Глаза английского короля недобро сверкнули.
– Я оставлю жизнь господину де Барбазан исключительно ради того, чтобы не слышать больше про заблуждения и милосердие. Мне передали, что он готов был есть траву как животное, лишь бы не признавать меня законным наследником. Вот пусть и сидит как животное в железной клетке. А остальных – повесить!
Однако совершённая жестокость желаемого результата не принесла.
Следующим неприятным открытием для Монмута стало осознание того, что расправа над Меленом произвела впечатление совершенно противоположное тому, на которое он рассчитывал.
Теперь английская армия спотыкалась о каждый город, который намеревалась захватить, несмотря на то, что французский король повсюду разослал призывы не противиться его «возлюбленному сыну и наследнику», а сам Монмут нисколько не сомневался, что «меленской» акции устрашения вполне достаточно, чтобы заставить другие гарнизоны сдаваться без боя. Несчастный безумец больше не воспринимался собственной страной как монарх, зато английский король только утвердился в правах смертельного врага, и любое его требование открыть ворота того или иного города вызывало сопротивление самое ожесточённое.
Иное дело дофин…
Дофин становился средоточием всех надежд, и уже одно это делало его «законным».
Затаив в душе радость, чтобы не обмануться, мадам Иоланда зорко наблюдала за тем, как бледнеет и растворяется в общественном мнении грязное пятно убийства в Монтеро. Из Парижа ко всем европейским дворам летели донесения о том, что королевский суд снова осудил Шарля как мятежника и убийцу, но даже там на это перестали обращать внимание. Европа с большим интересом наблюдала за тем, как против амбициозного, а потому очень опасного Монмута, поднимается новая, крепнущая день ото дня сила. И чем уверенней эта сила делалась, тем злее и дёрганнее становился Монмут, превращаясь из непобедимого, но милосердного Божьего помазанника в ещё непобедимого, но уже кровавого захватчика.
Даже объединившись с Филиппом Бургундским, он продолжал испытывать неудобства, двигаясь по стране как будто рывками, вместо того, чтобы пройти по ней пусть и кровавым, но очистительным маршем!
Впрочем, кровавым поход вполне получился.

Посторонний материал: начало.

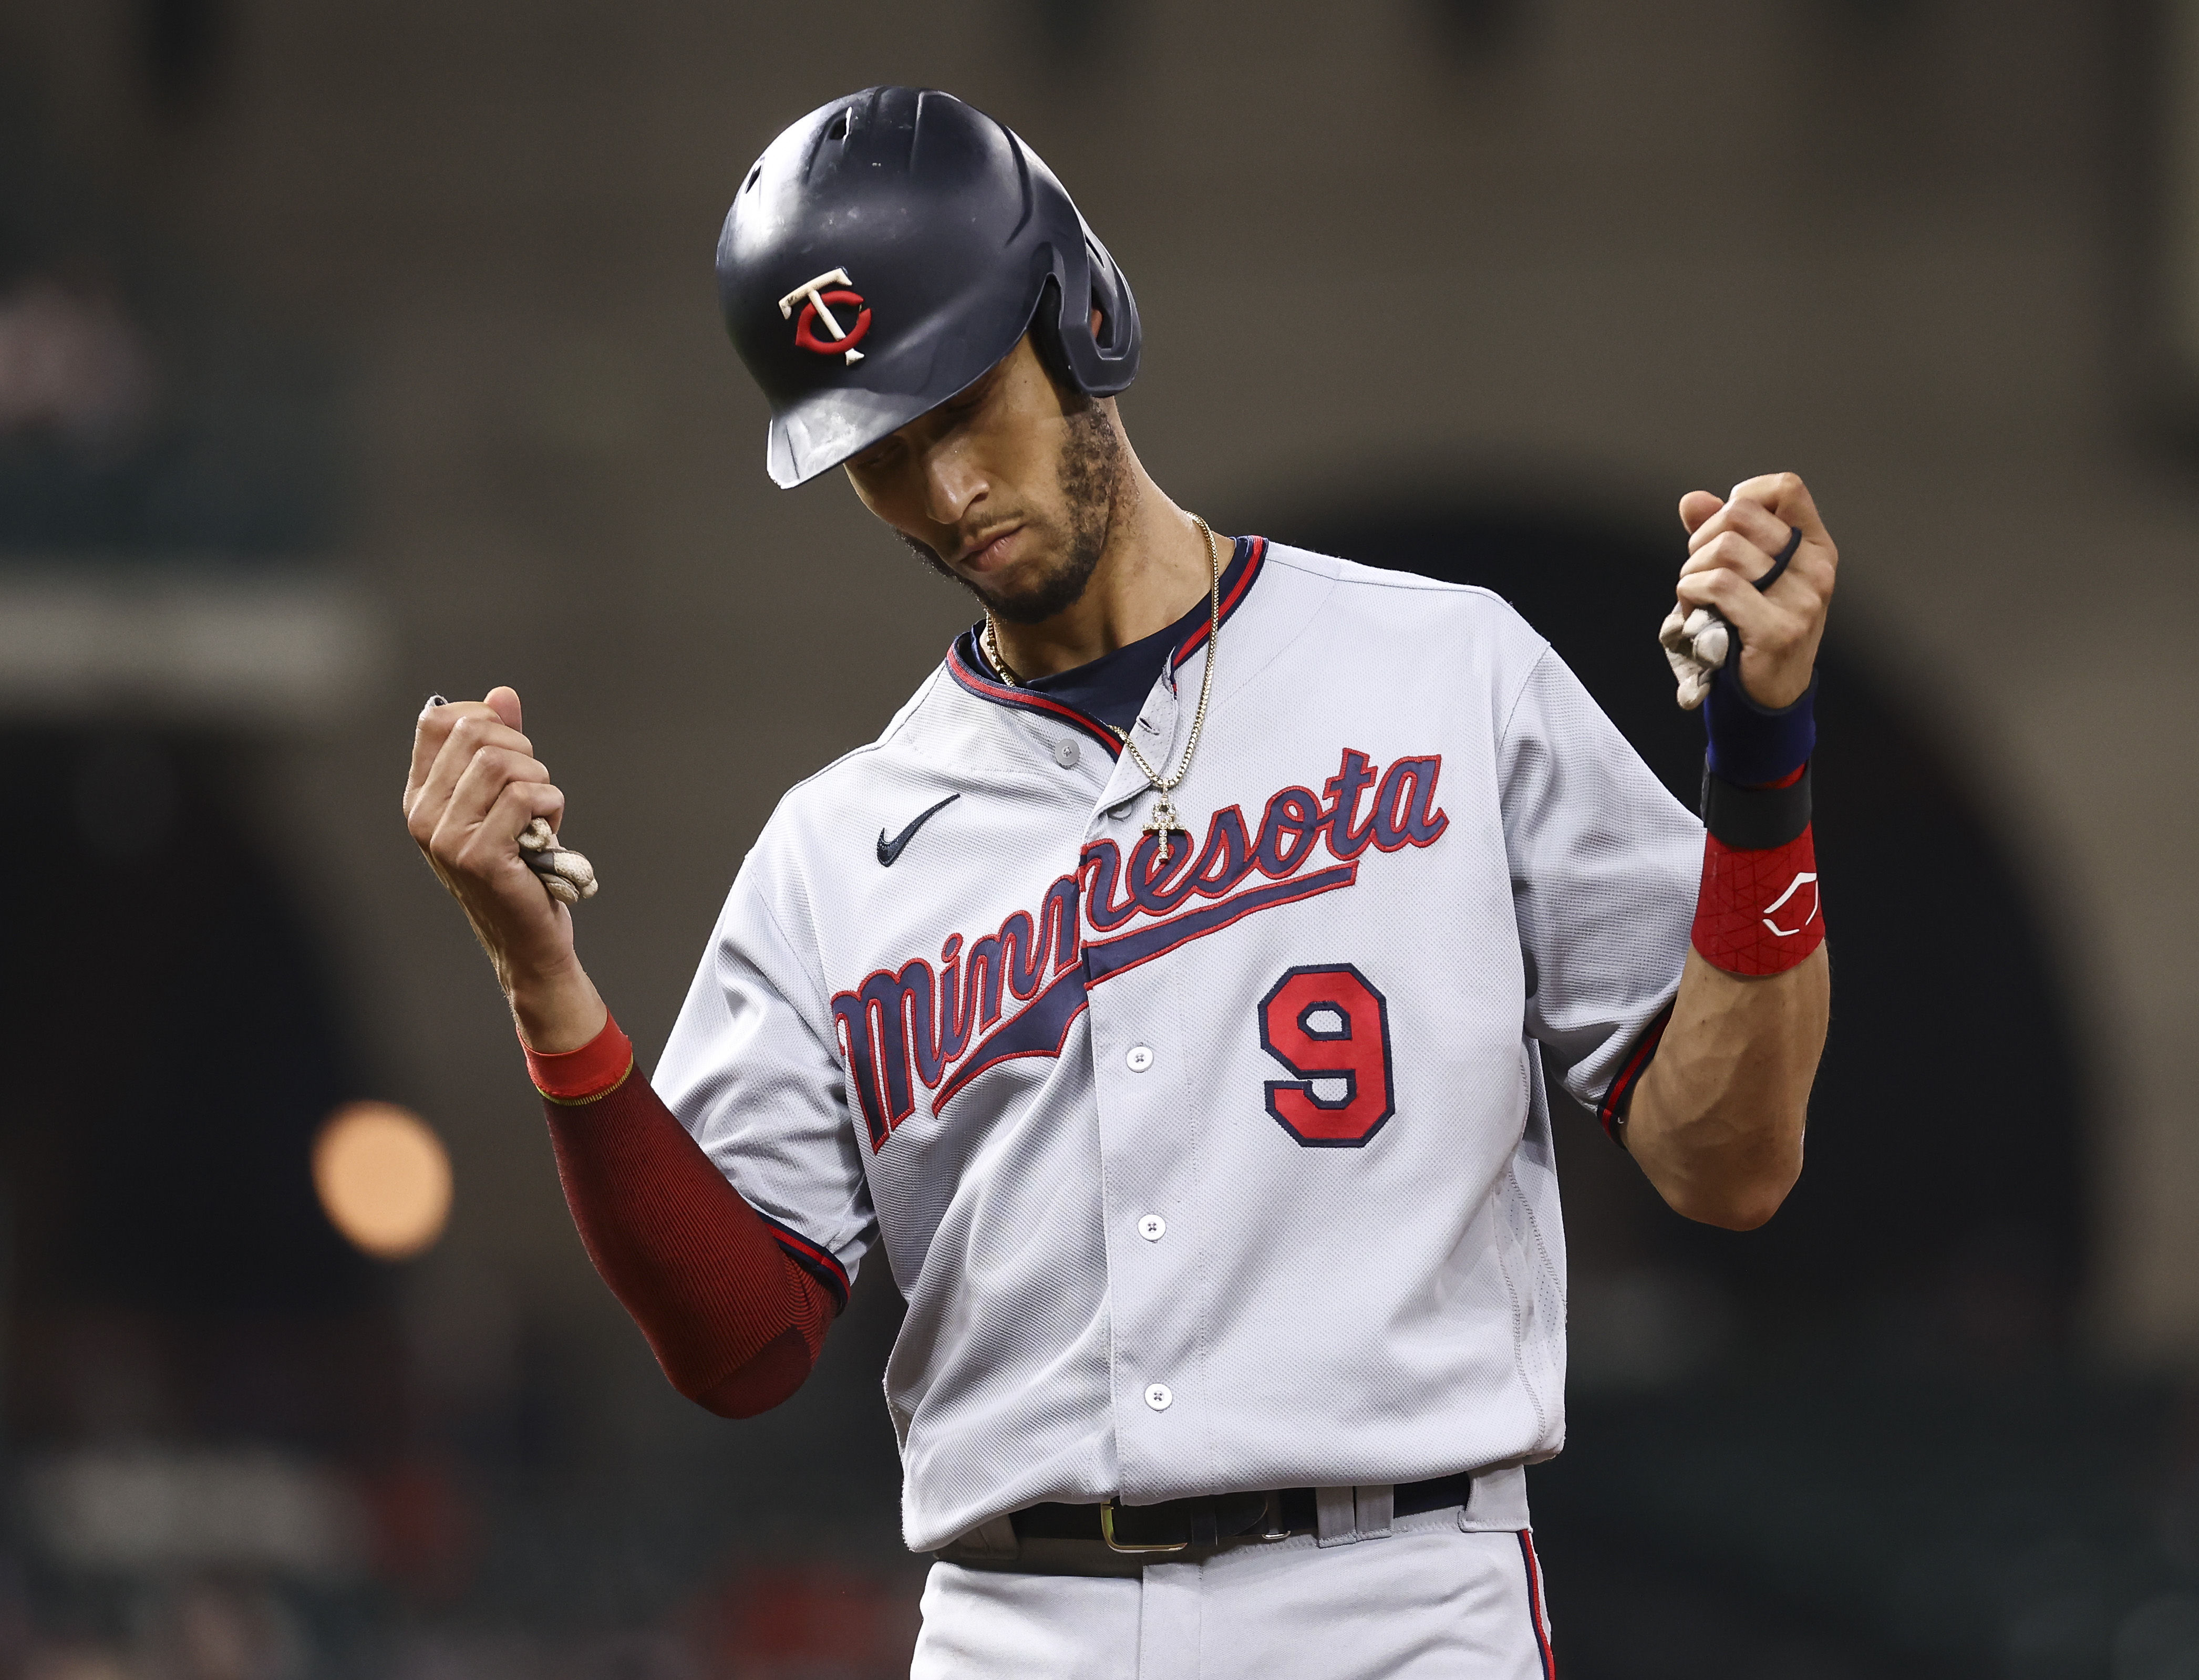 Minnesota Twins vs. Chicago White Sox Prediction: Can The Twins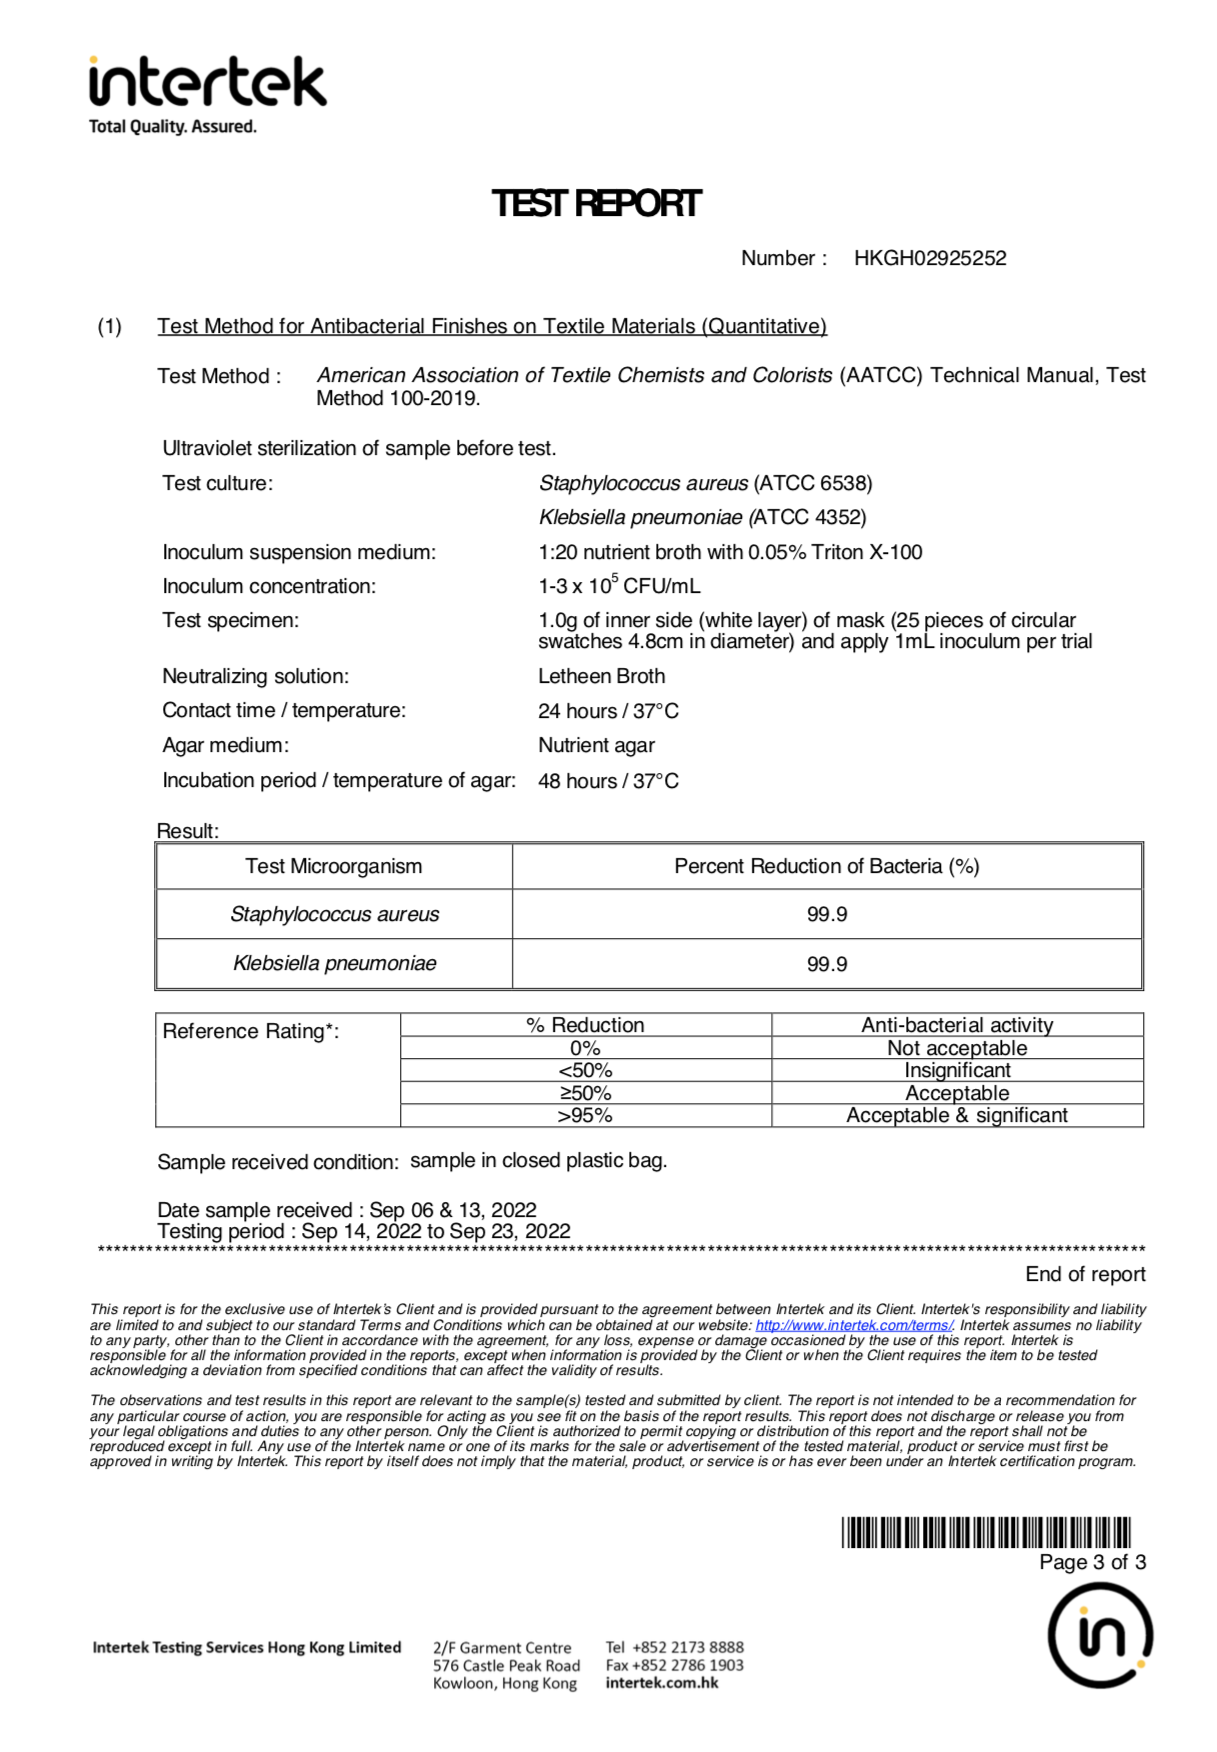 acc+ Taiwan French adult mask ASTM Level 3 Intertek report proves long-acting antibacterial

Поместья преданных дофину рыцарей сравнивались с землей, и единственным, что оставалось после ухода английской армии, были обугленные деревья, превращенные в виселицы.
Это были совсем не те победы, о которых мечталось!
По разумению Монмута, карающий меч английского короля задумывался, как орудие справедливого возмездия, а никак не мести! И те же самые рыцари, чьи поместья он рушил и чьих рабов вешал на деревьях, должны были, попадая в плен, раскаиваться и приносить клятвы! Должны были признать Монмута хотя бы за его силу! А они не каялись и не клялись! Только презрительно смеялись, умирая, потому что выкуп платить им было нечем.
Всё это совершенно выводило из себя английского короля.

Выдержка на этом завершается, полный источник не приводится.